Einigung auf EEG-Reform ist ein tragfähiger Kompromiss

(02.04.2014) Die IG Metall Küste sieht in der Einigung von Bund und Ländern auf eine Reform des Erneuerbaren Energien Gesetzes (EEG) einen tragfähigen Kompromiss.

„Die Energiewende ist eine nationale Aufgabe, die nur in einem möglichst breiten Konsens gelingen kann“, sagte Meinhard Geiken, Bezirksleiter der IG Metall Küste. „Wir hoffen, dass wir jetzt endlich verlässliche Rahmenbedingungen für die Windindustrie haben. Von den Unternehmen erwarten wir, dass sie ihre Investitionen umsetzen, damit die Energiewende für weitere Arbeitsplätze in Norddeutschland sorgt.“

Nach Ansicht der IG Metall Küste ist es vernünftig, dass der Ersatz alter Windenergieanlagen durch neue Anlagen (Repowering) nicht auf den Ausbaudeckel für die Windenergie an Land angerechnet werden soll. „Falsch ist, dass Bund und Länder an der Stichtagsregelung festhalten wollen, nach der sich die Förderung berechnet. Dadurch wird eine Vielzahl von bereits geplanten Projekten in Frage gestellt“, so Geiken.
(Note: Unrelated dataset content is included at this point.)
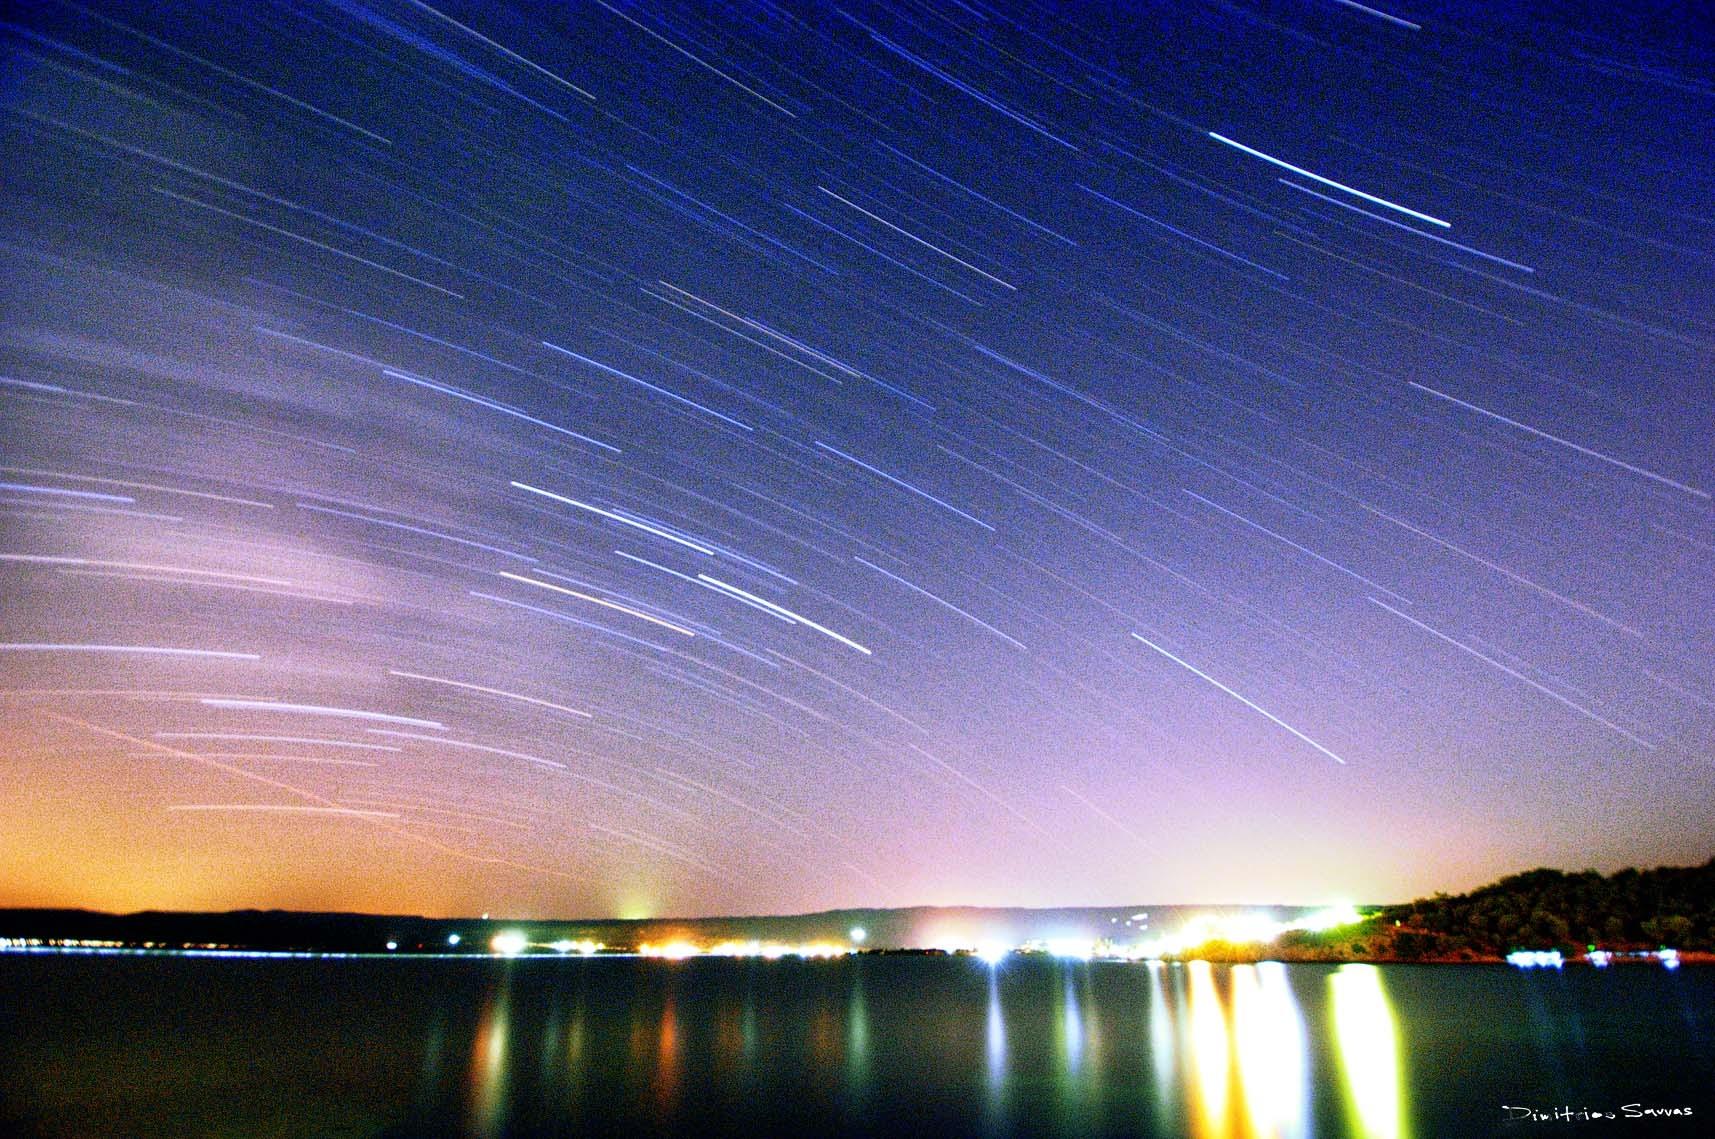 star trail by dimitrissavvas

„Beim Ausbau der Windenergie auf See ist positiv, dass die herabgesetzten Ausbauziele von 6,5 Gigawatt bis 2020 nicht mehr ganz so starr gesehen wie zunächst befürchtet und auch darüber hinaus gehende Netzanschlusskapazitäten genehmigt werden sollen. Bei der Förderung der Windenergie auf See bleibt die Einigung hinter den Beschlüssen des Koalitionsvertrages zurück“, sagte IG Metall-Bezirksleiter Geiken. Es sei aber immerhin erreicht worden, dass die Kürzung mit einem Cent geringer ausfällt, als in den bisherigen Entwürfen des Bundeswirtschaftsministeriums vorgesehen.

„Die vergangenen Wochen haben gezeigt, dass der Norden gemeinsam für die Windenergie steht. Der Druck von Gewerkschaften, Unternehmen und den norddeutschen Ländern hat in einigen wichtigen Punkten Erfolge gebracht. Jetzt kommt es darauf an, dass im Gesetzgebungsverfahren grundsätzliche Einigungen nicht erneut in Frage gestellt werden. Das wäre ein fatales Signal für die Windindustrie an der Küste“, so Geiken.

:: Medien Information 13 / 2014 (PDF | 26 KiB)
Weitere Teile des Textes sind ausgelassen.